Но, в любом случае, своё отдавать было нельзя, и это условие порождало столкновения. Ведь на всех не хватало, а иные перестроиться не могли — работая по старинке, что тоже, потихоньку отмирая, приносило всё же некоторые доходы.

В исключительных случаях, хотя они были нередки, начинали со своих, или уже бывших своих: бей своих, что бы чужие боялись. Однако это был тупиковый ход, решающий проблему сегодняшнюю, но закладывающий бомбу под новостроящееся здание в виде появляющейся боязни обмана, потери нажитого или предательства в перспективах и попытки их устранения путём уничтожения предполагаемых неугодных.
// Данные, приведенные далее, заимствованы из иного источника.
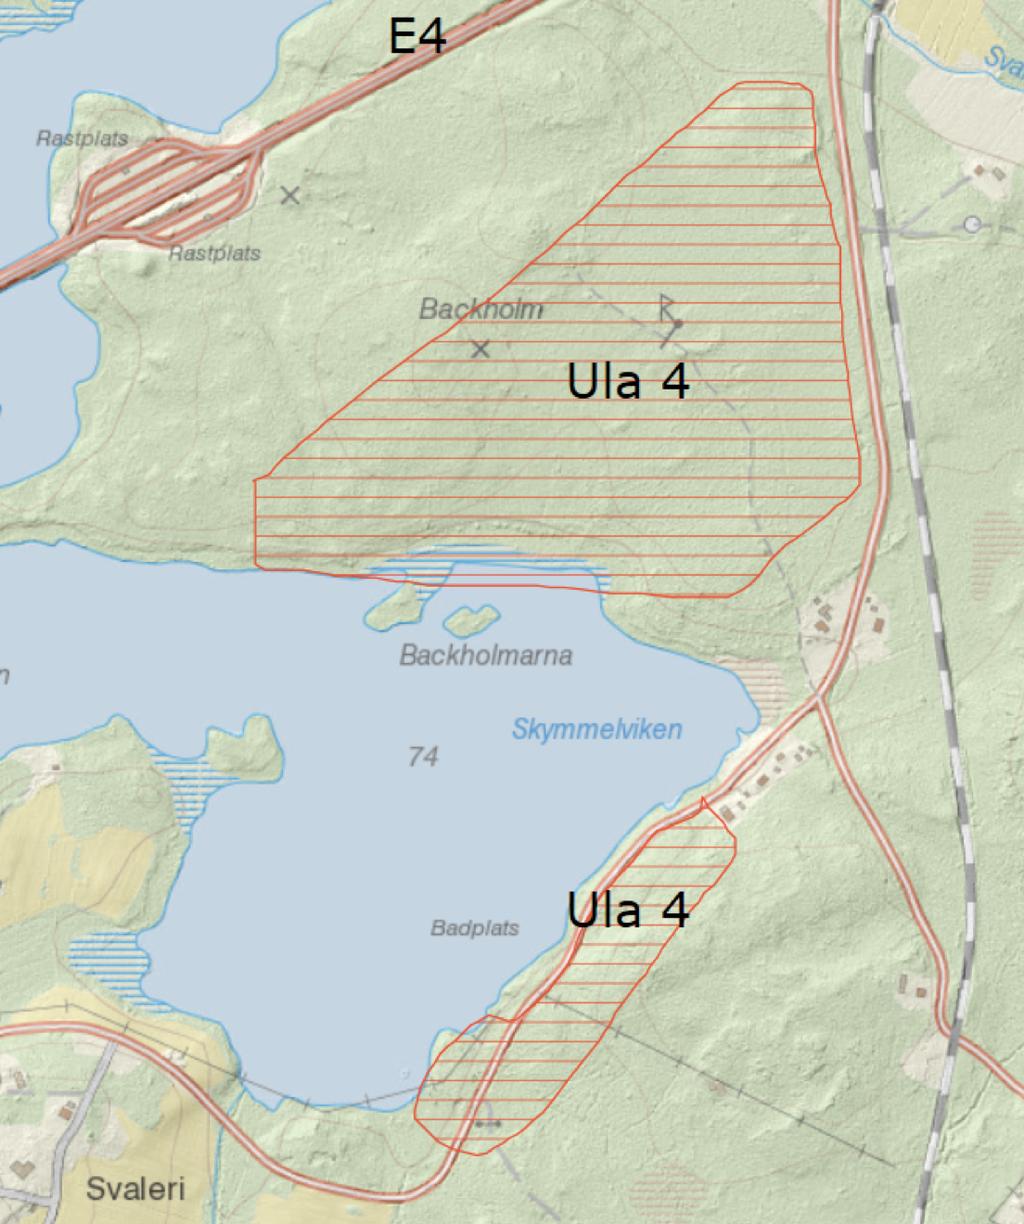 Ula 5 och Ula 6, Bandsjöarna Två områden vid Stor-Bandsjön och Lill-Bandsjön som ligger inom 5-10 km avstånd från Timrå centrum.

Возможно, в нашей структуре предполагаемое столкновение между Пылёвыми и главарями «лианозовских» не могло окончиться иначе, чем окончилось. По крайней мере, рациональность и некровожадность «братьев» были, поначалу, очевидны. Развивайся же события по другому сценарию — уверен, всё устроилось бы гораздо хуже.

Появившиеся проблемы сами решать не стали, а вынесли благоразумно на суд Ананьевского, Буторина и «Дракона» (Сергей Володин, расстрелян в 1996 году) — они на тот период были «основными» в оставшейся, после смерти «Сильвестра», империи. О том, что и как случилось, писать смысла нет — лишь ленивый не поделился своими домыслами и предположениями. Факт его смерти, с моей точки зрения, очевиден, его гибель была логичным окончанием выбранной им стези. Рано или поздно подобное произошло бы, вопрос лишь, когда и как. Из многих тогдашних криминальных деятелей, выбившихся на самый верх пирамиды, он представляется одним из первых «революционеров», а революция имеет одну, неменяющуюся привычку — пожирает своих детей.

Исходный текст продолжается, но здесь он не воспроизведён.